» **Directions**
Copy the data precisely, character for character, and leave out every picture.

» **Given data**

"""

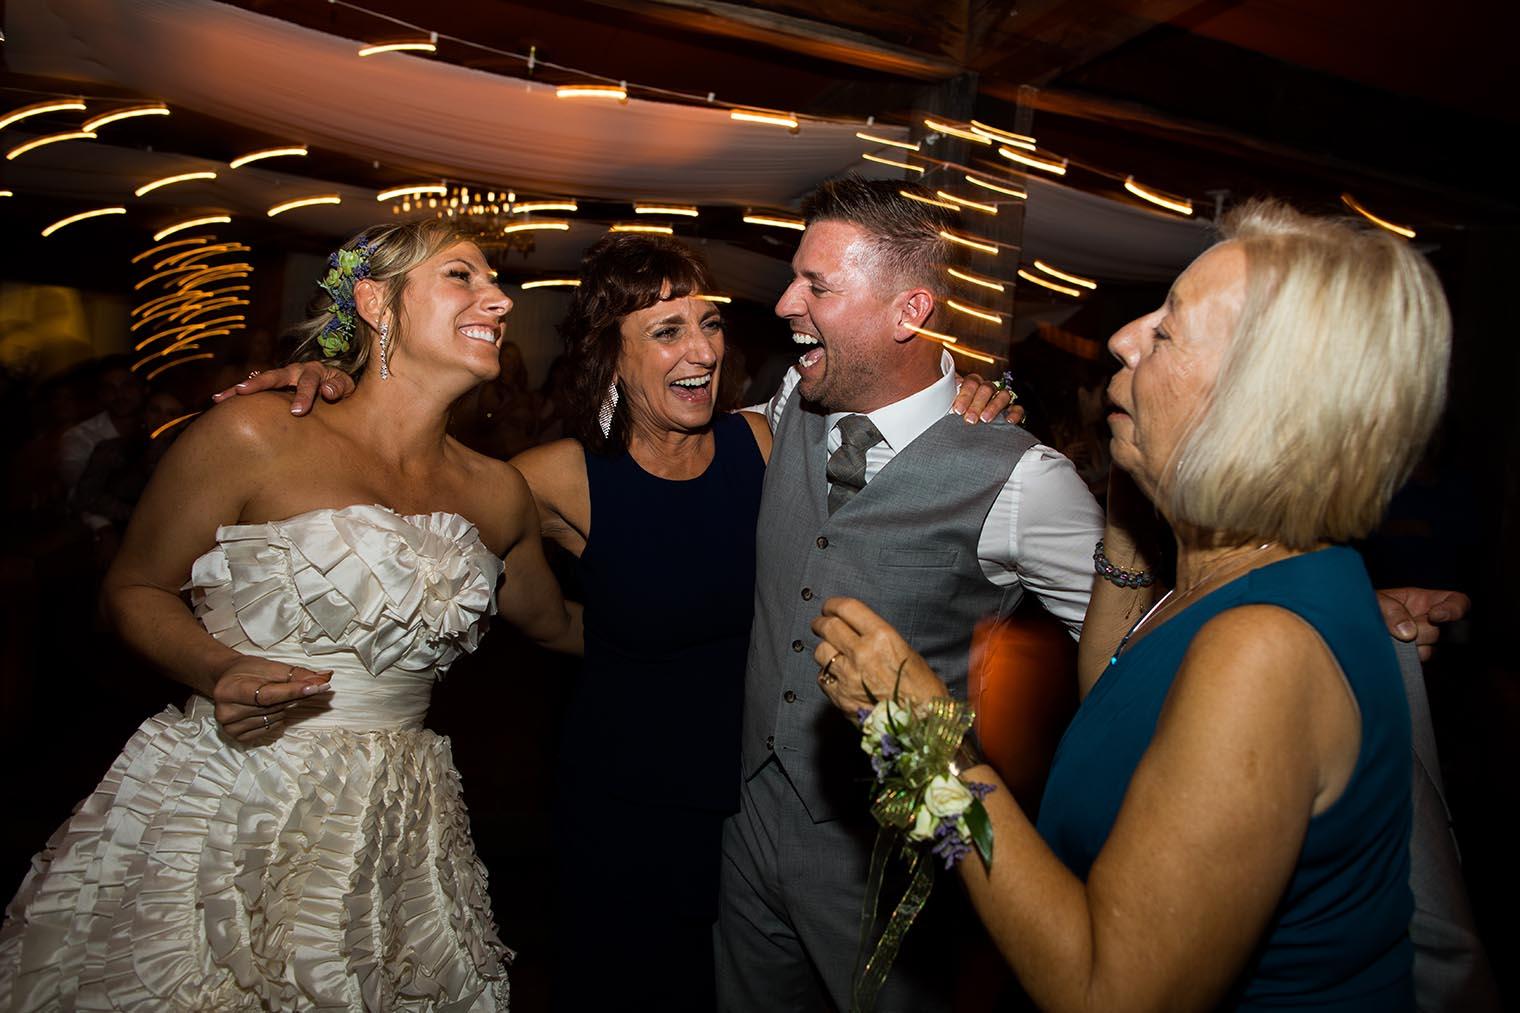 wedding reception at heritage house resort
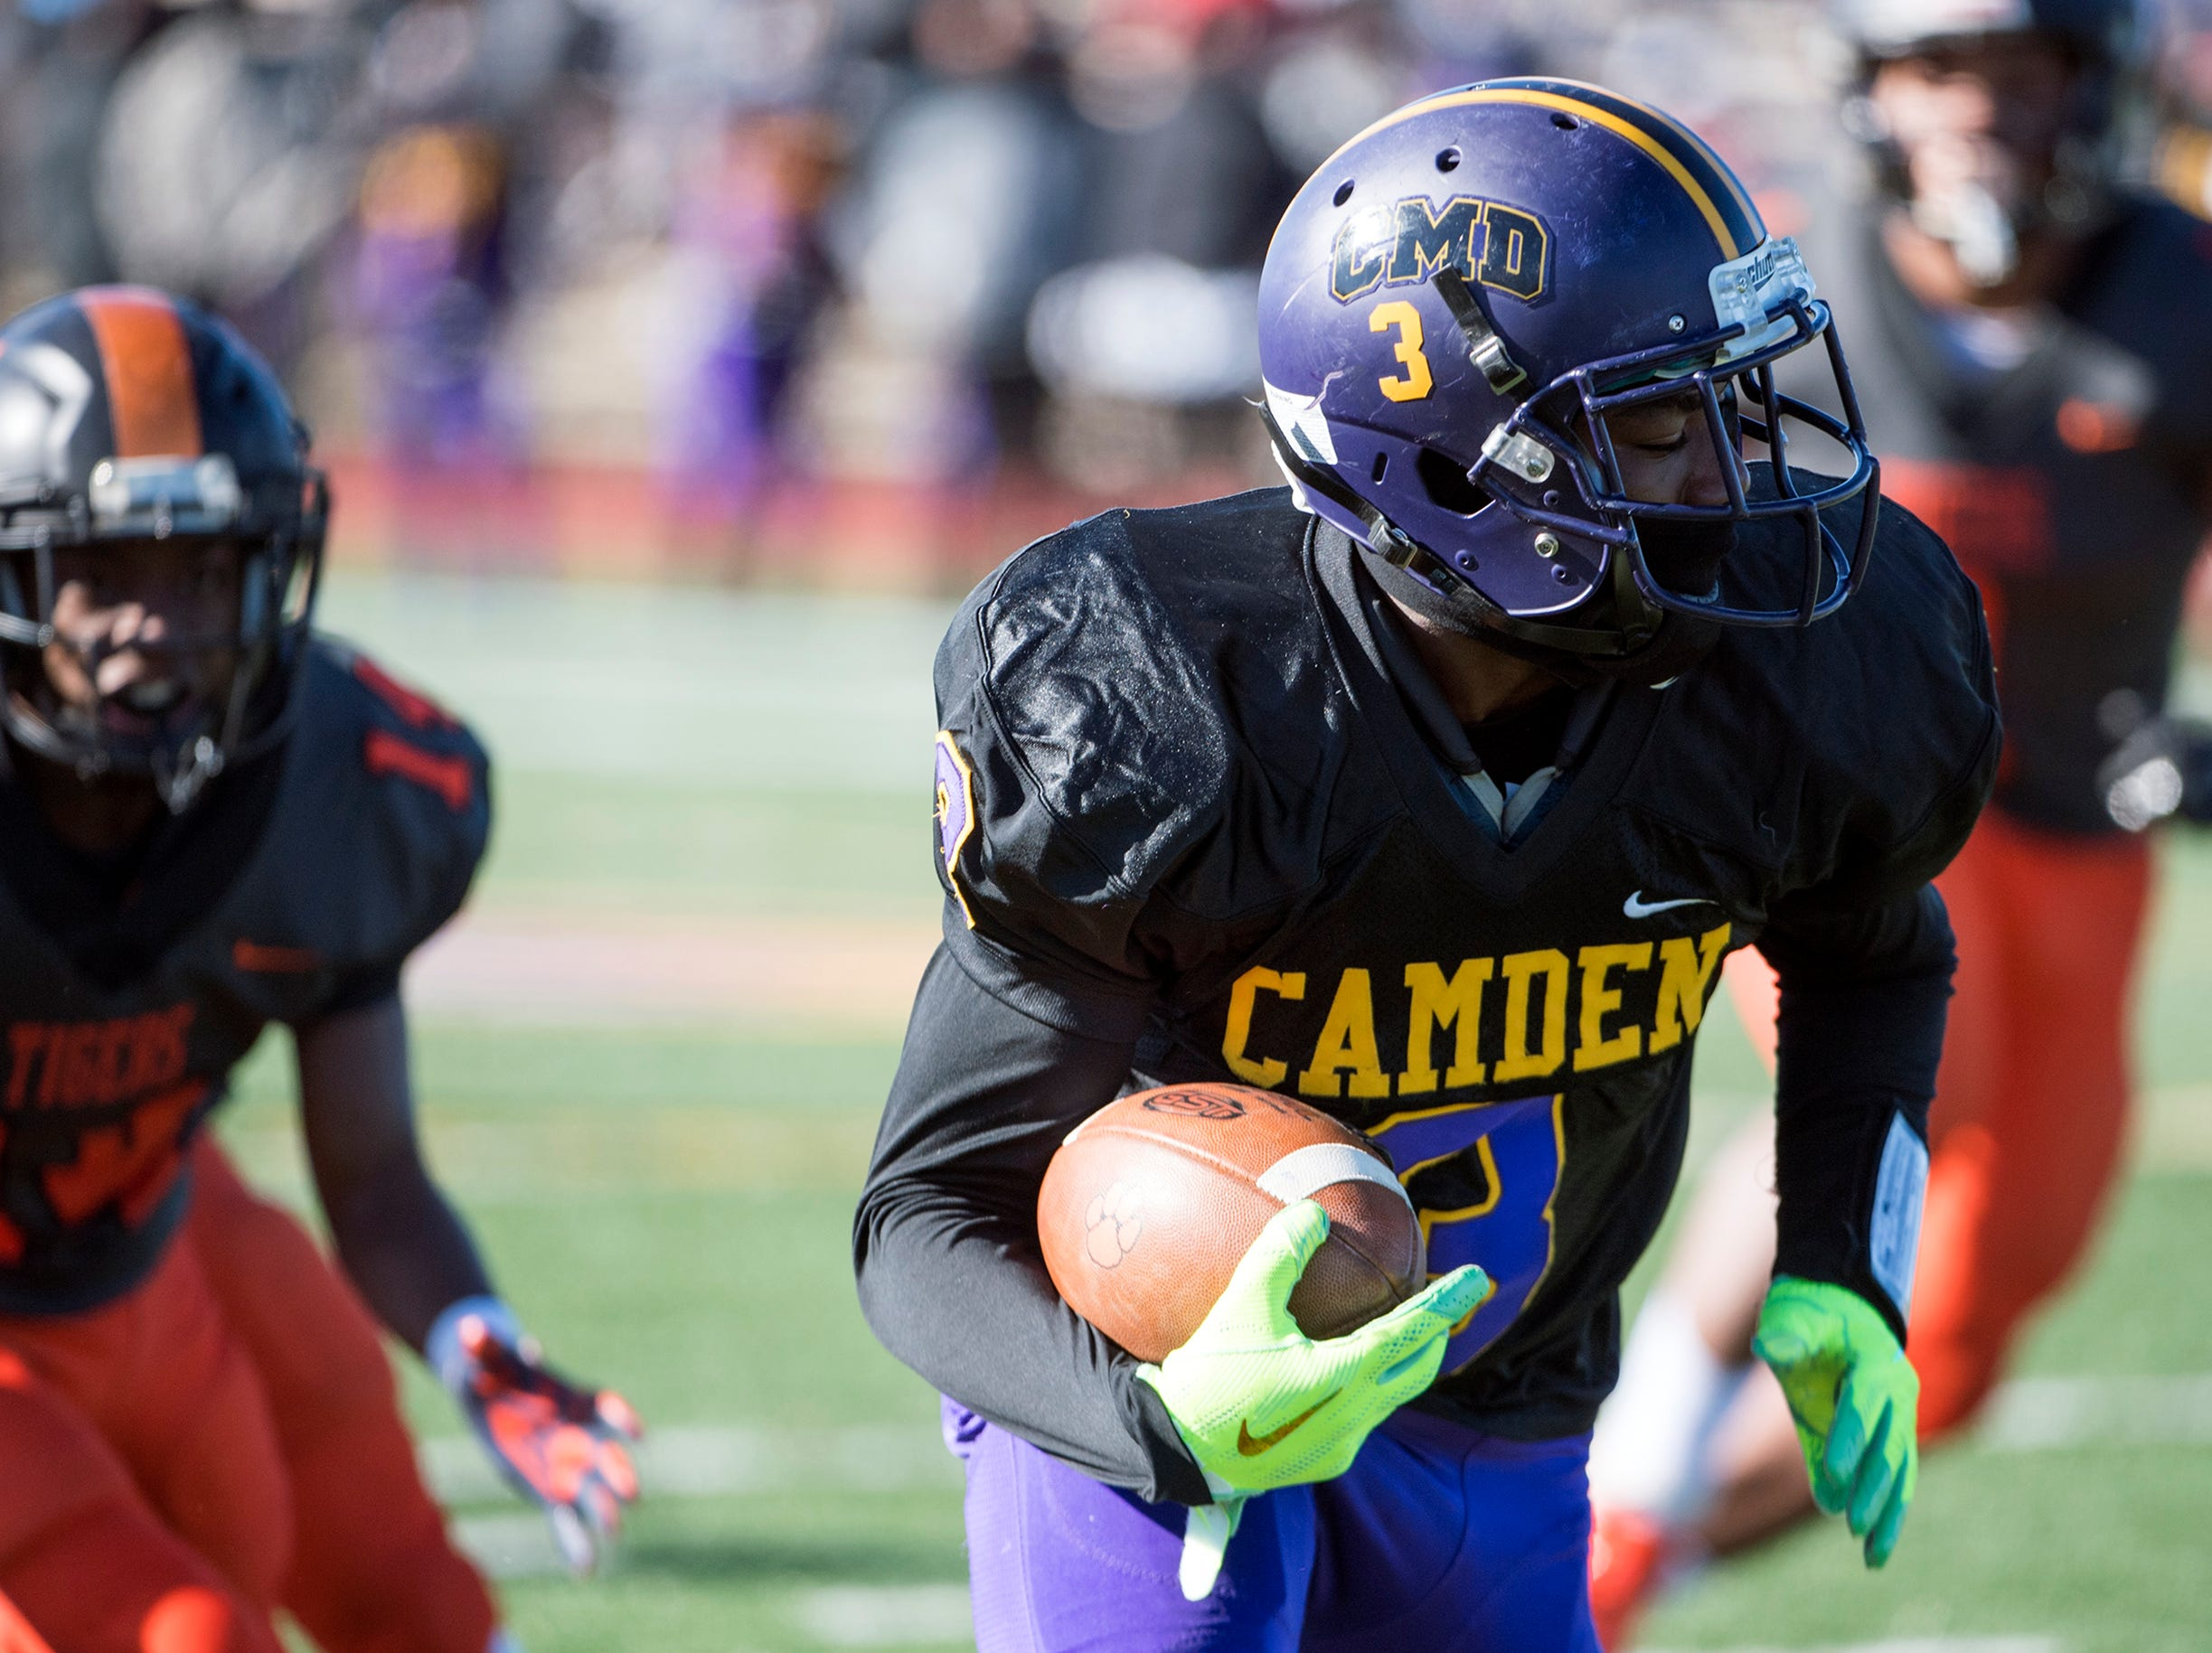 Camden's Darian ÒDuceÓ Chestnut (3) carries during an annual Camden-Woodrow Wilson Thanksgiving game Thursday, Nov. 22, 2018 in Camden, N.J. Camden won 39-28.
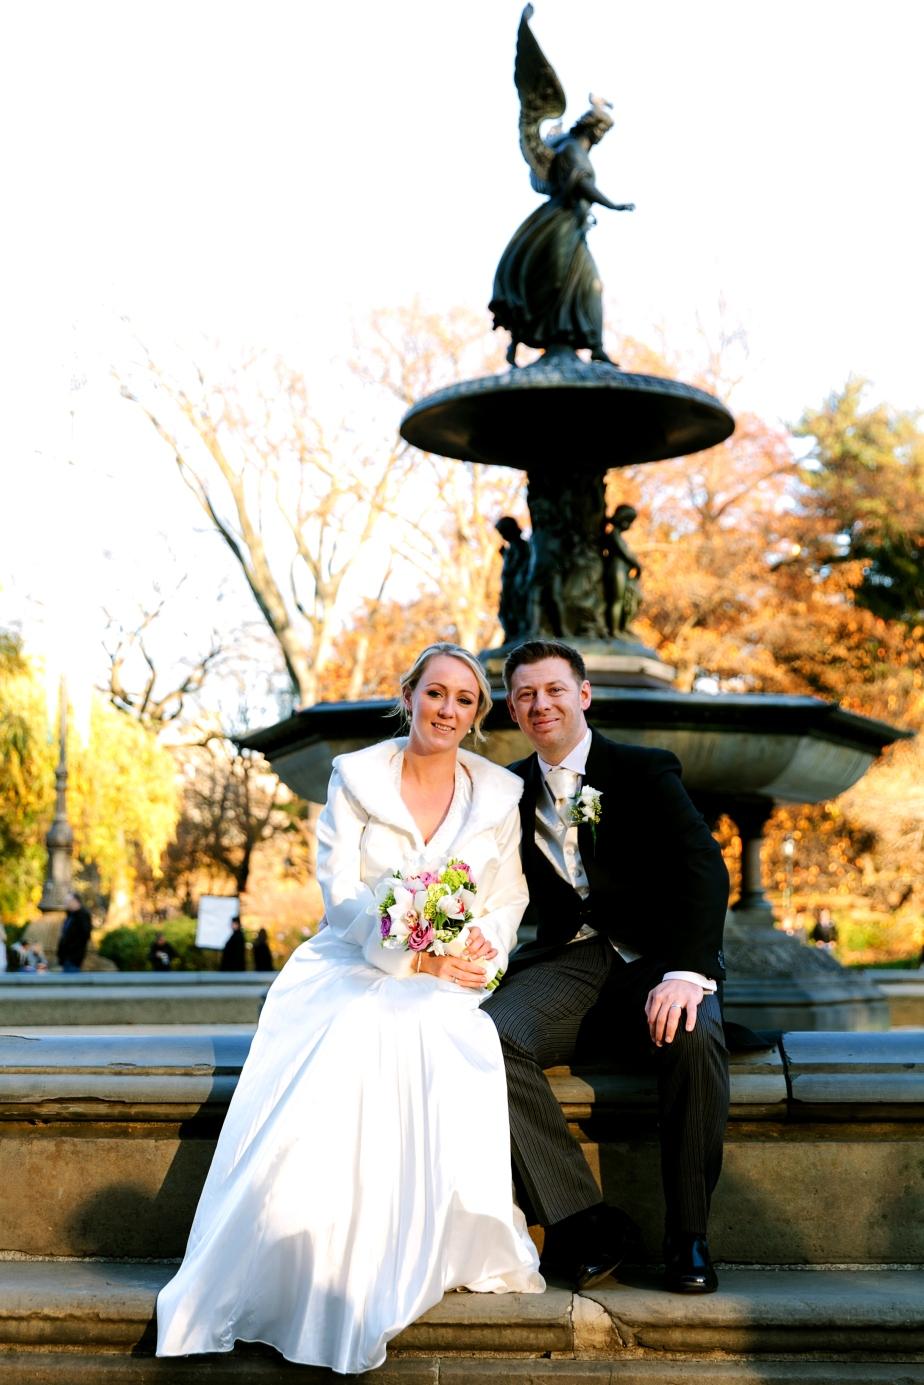 centralpark_ladiespavilion_wedding_EJ-230

"""

» **Response below**
 wedding reception at heritage house resort
 Camden's Darian ÒDuceÓ Chestnut (3) carries during an annual Camden-Woodrow Wilson Thanksgiving game Thursday, Nov. 22, 2018 in Camden, N.J. Camden won 39-28.
 centralpark_ladiespavilion_wedding_EJ-230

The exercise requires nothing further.